I required something akin to the Rubygem ‘papertrail’ in Elixir. However, in large part because of the ‘do you really need a database’ and ‘how to separate your contexts’ discussions that are going on, I did not want to use a package that was tightly coupled to Ecto or any other single thing (The two existing versioning packages, paper_trail and whatwasit both are).
Revisionair
So, enter Revisionair. At its core it is just a simple behaviour together with a public easy-to-use wrapper, the result of an evening of coding.
An implementation of the Revisionair.Storage
behaviour can easily be created for any kind of persistence layer, including Ecto, ETS, Mnesia, plain old GenServer/Agent type of stores, flat file reading/writing, or wrapping remote API communications. (Or at least I hope so, because that was the idea).

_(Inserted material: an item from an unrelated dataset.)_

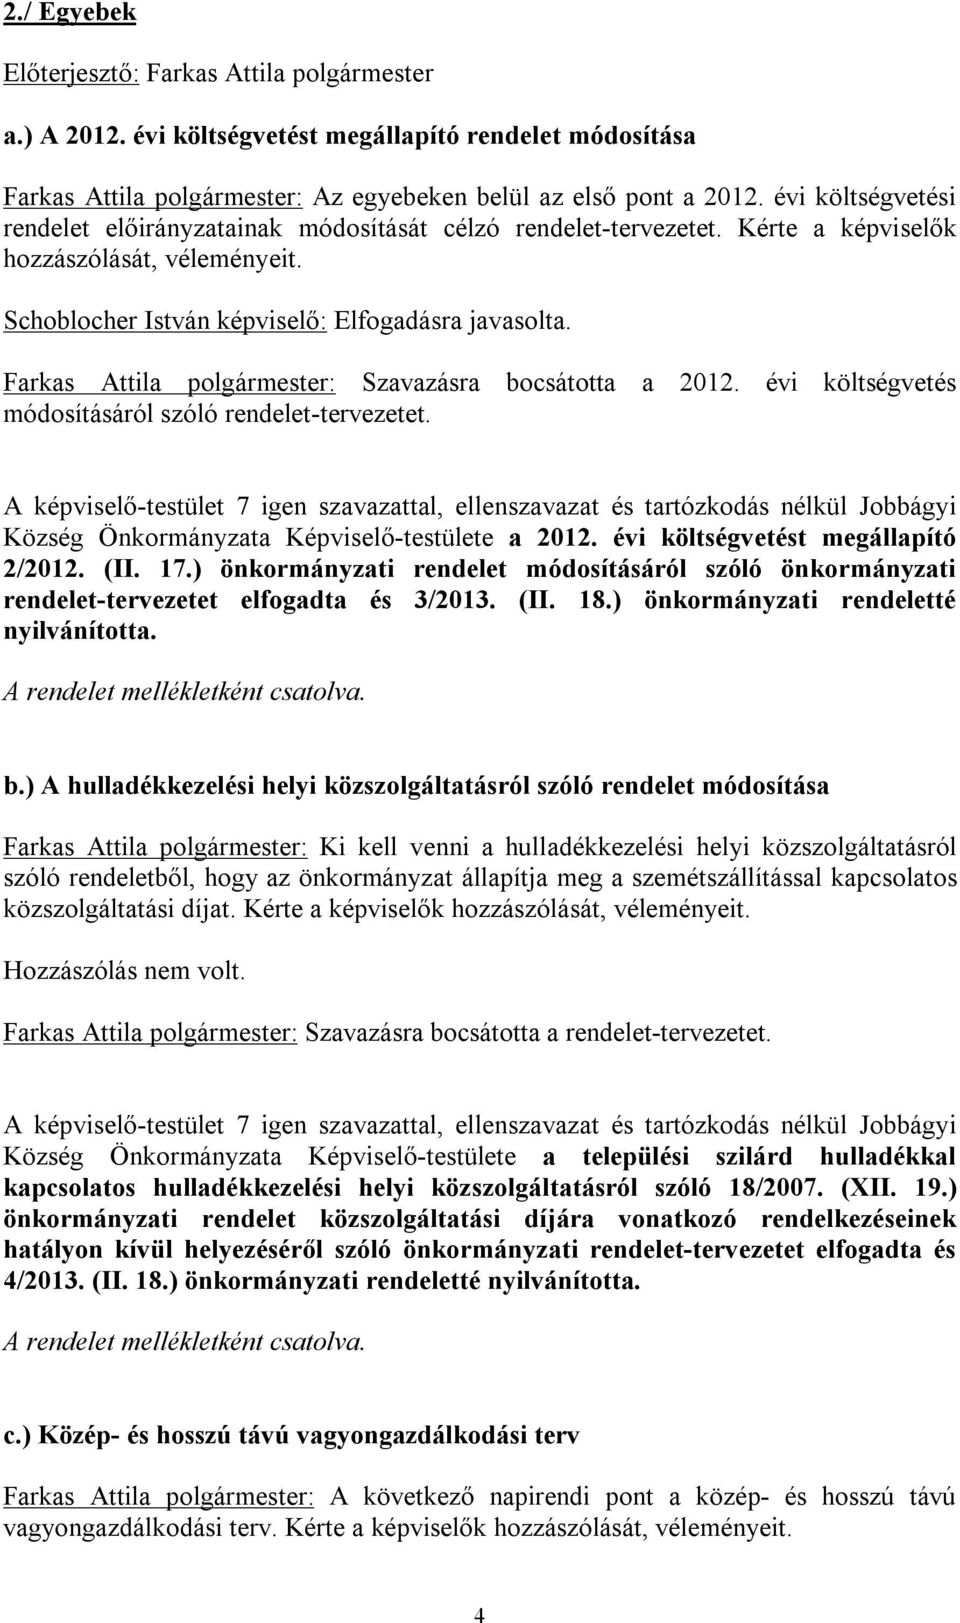 Farkas Attila polgármester: Szavazásra bocsátotta a 2012. évi költségvetés módosításáról szóló rendelet-tervezetet.
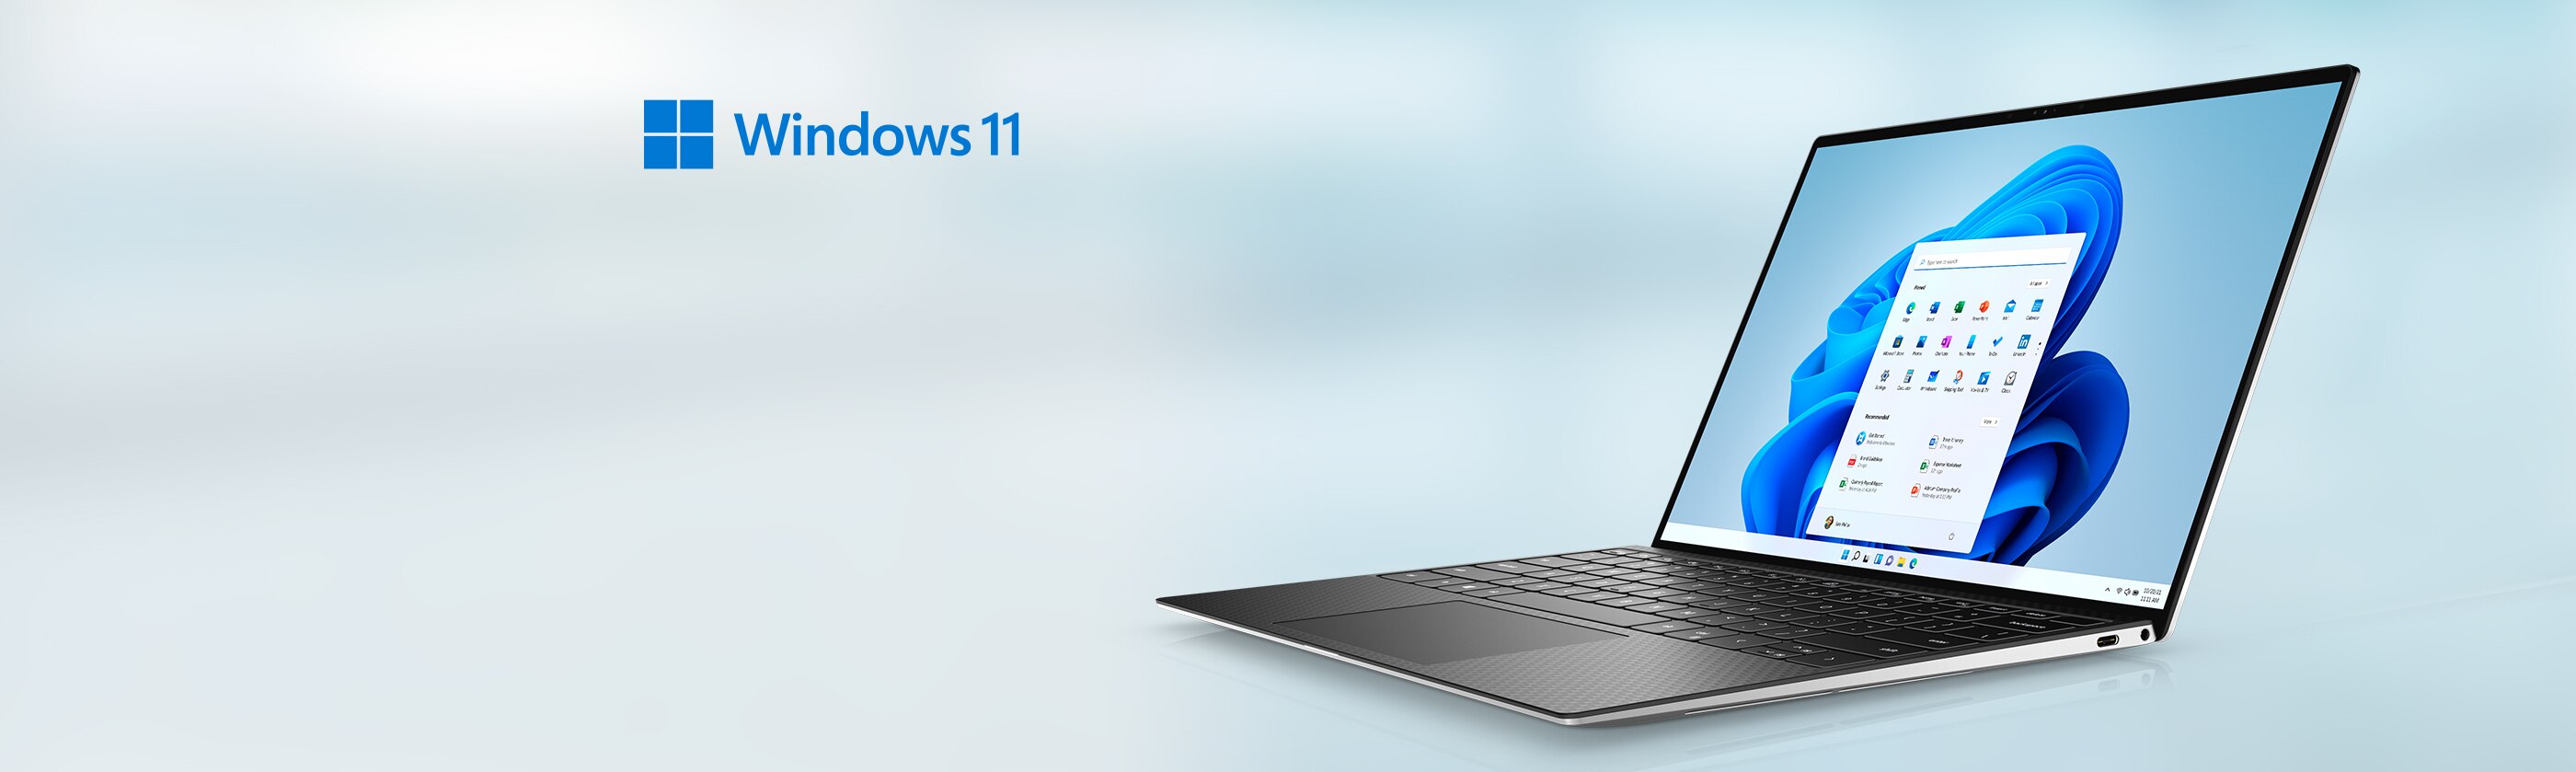 Compatibel met natuurlijk warmte Upgraden naar Windows 11 | Dell Nederland

The behaviour thus only explicitly states what it needs from ‘a data storage provider’. A storage provider can be configured application-wide, or explicitly stated in the options parameter of each function call.
As for the public API, you can store a new revision for a structure, read all prior-stored revisions for a certain structure, read the most recent revision for a certain structure, and finally clean everything again. It’s simple, but this is all that I need for my application, so KISS.
To keep it as agnostic as possible, it also does not (necessarily) assume anything from the structures you pass in. That is, by default it assumes that the maps you pass it are structs (maps containing a __struct__
field) who can be uniquely identified by an id
field, but this is also completely configurable when calling the functions of the module.
So, version 0.9 is now released! it is simple, but then again it now is 01:30, so I might also miss some crucial details. The perils of midnight programming …
Any and all questions and feedback is greatly appreciated.